▶ Your task
How does the data below read from its first line through the line containing "Starlog Magazine No."? Print those lines exactly.

BEGIN Source data

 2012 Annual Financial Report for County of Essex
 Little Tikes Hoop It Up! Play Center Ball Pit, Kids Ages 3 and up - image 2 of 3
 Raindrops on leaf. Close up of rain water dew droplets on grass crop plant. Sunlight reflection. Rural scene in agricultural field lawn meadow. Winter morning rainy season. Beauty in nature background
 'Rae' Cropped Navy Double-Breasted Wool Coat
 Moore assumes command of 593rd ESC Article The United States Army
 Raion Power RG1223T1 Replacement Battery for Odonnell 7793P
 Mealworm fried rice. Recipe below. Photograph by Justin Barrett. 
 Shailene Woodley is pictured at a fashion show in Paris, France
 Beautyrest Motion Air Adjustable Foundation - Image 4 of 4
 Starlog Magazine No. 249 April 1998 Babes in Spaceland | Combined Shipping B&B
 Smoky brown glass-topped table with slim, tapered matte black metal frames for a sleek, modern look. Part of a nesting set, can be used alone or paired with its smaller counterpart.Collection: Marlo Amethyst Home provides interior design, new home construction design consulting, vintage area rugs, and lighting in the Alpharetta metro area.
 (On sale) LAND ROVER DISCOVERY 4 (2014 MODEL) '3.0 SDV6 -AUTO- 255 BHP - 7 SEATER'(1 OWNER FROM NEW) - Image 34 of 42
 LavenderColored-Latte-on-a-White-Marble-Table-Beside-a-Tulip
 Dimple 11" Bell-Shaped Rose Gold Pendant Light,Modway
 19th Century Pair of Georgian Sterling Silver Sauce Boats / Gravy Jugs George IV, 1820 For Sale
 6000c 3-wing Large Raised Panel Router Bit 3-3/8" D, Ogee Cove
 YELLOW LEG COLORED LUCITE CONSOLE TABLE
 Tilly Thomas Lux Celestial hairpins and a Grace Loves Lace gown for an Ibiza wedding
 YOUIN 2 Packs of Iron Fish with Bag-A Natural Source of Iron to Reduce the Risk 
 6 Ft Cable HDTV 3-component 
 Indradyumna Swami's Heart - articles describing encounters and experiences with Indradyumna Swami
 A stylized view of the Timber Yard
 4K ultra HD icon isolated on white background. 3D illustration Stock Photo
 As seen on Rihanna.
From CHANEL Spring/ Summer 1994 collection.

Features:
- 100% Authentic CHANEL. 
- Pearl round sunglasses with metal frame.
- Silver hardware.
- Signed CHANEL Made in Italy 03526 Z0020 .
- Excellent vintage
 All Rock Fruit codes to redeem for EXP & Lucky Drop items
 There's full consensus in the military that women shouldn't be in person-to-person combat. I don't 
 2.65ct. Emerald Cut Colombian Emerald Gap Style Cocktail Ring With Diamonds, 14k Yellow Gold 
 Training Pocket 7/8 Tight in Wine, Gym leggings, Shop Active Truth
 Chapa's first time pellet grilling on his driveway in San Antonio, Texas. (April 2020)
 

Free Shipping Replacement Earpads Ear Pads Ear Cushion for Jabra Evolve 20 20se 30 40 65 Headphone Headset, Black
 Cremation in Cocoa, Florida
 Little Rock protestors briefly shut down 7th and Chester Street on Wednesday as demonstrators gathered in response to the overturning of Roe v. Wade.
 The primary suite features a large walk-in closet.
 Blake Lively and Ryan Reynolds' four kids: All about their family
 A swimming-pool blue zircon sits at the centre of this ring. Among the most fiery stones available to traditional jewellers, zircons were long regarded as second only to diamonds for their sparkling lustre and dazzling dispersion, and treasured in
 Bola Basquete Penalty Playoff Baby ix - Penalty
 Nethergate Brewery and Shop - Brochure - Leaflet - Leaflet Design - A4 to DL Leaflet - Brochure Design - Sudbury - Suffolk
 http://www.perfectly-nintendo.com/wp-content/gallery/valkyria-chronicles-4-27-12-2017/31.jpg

END Source data

▶ Exercise response
 2012 Annual Financial Report for County of Essex
 Little Tikes Hoop It Up! Play Center Ball Pit, Kids Ages 3 and up - image 2 of 3
 Raindrops on leaf. Close up of rain water dew droplets on grass crop plant. Sunlight reflection. Rural scene in agricultural field lawn meadow. Winter morning rainy season. Beauty in nature background
 'Rae' Cropped Navy Double-Breasted Wool Coat
 Moore assumes command of 593rd ESC Article The United States Army
 Raion Power RG1223T1 Replacement Battery for Odonnell 7793P
 Mealworm fried rice. Recipe below. Photograph by Justin Barrett. 
 Shailene Woodley is pictured at a fashion show in Paris, France
 Beautyrest Motion Air Adjustable Foundation - Image 4 of 4
 Starlog Magazine No. 249 April 1998 Babes in Spaceland | Combined Shipping B&B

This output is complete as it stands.